# Work request
Retrieve every line of the data holding the word "mirror".

# Extracted records
************
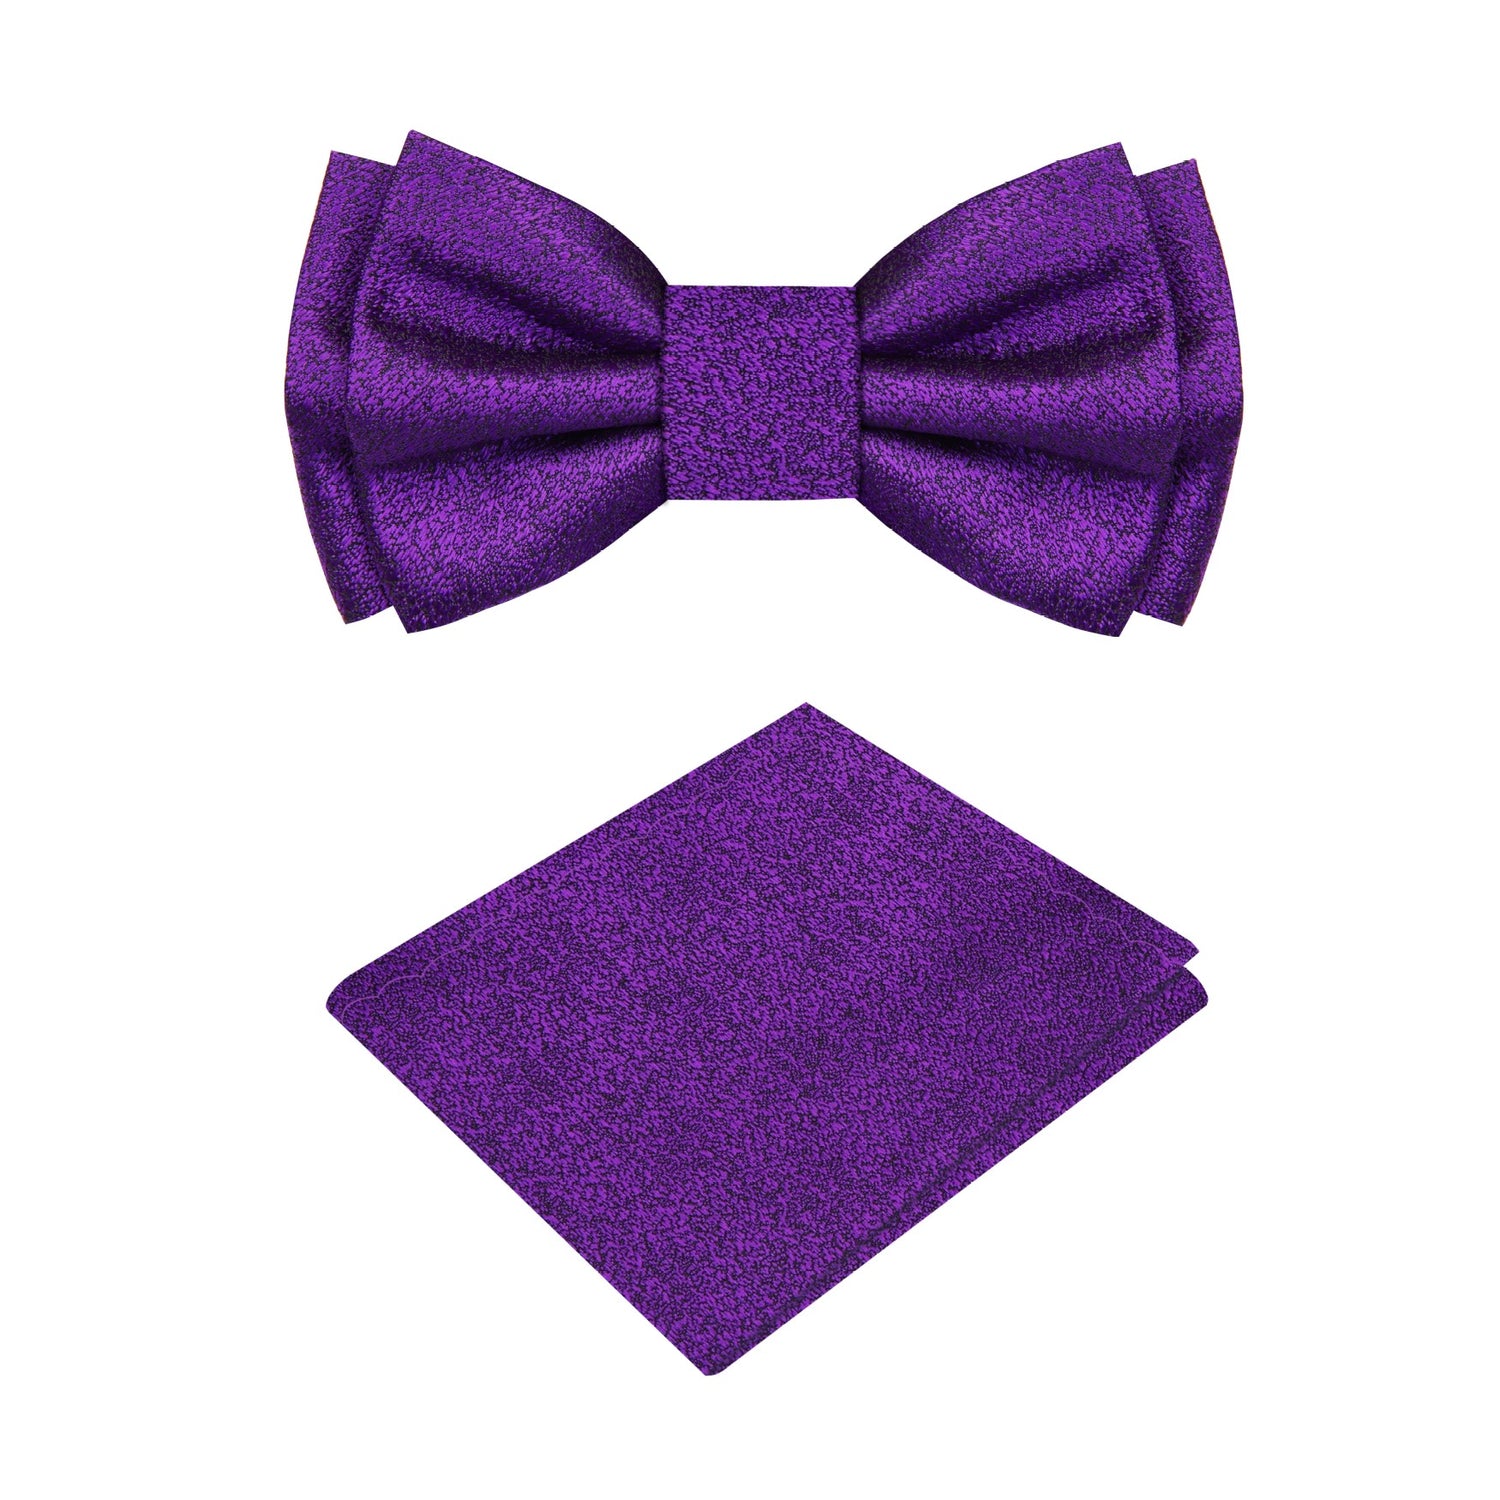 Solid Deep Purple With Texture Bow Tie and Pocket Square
************
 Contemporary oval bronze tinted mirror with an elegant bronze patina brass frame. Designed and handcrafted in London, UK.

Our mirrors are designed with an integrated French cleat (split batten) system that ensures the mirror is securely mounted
************
# The answer
 Contemporary oval bronze tinted mirror with an elegant bronze patina brass frame. Designed and handcrafted in London, UK.
Our mirrors are designed with an integrated French cleat (split batten) system that ensures the mirror is securely mounted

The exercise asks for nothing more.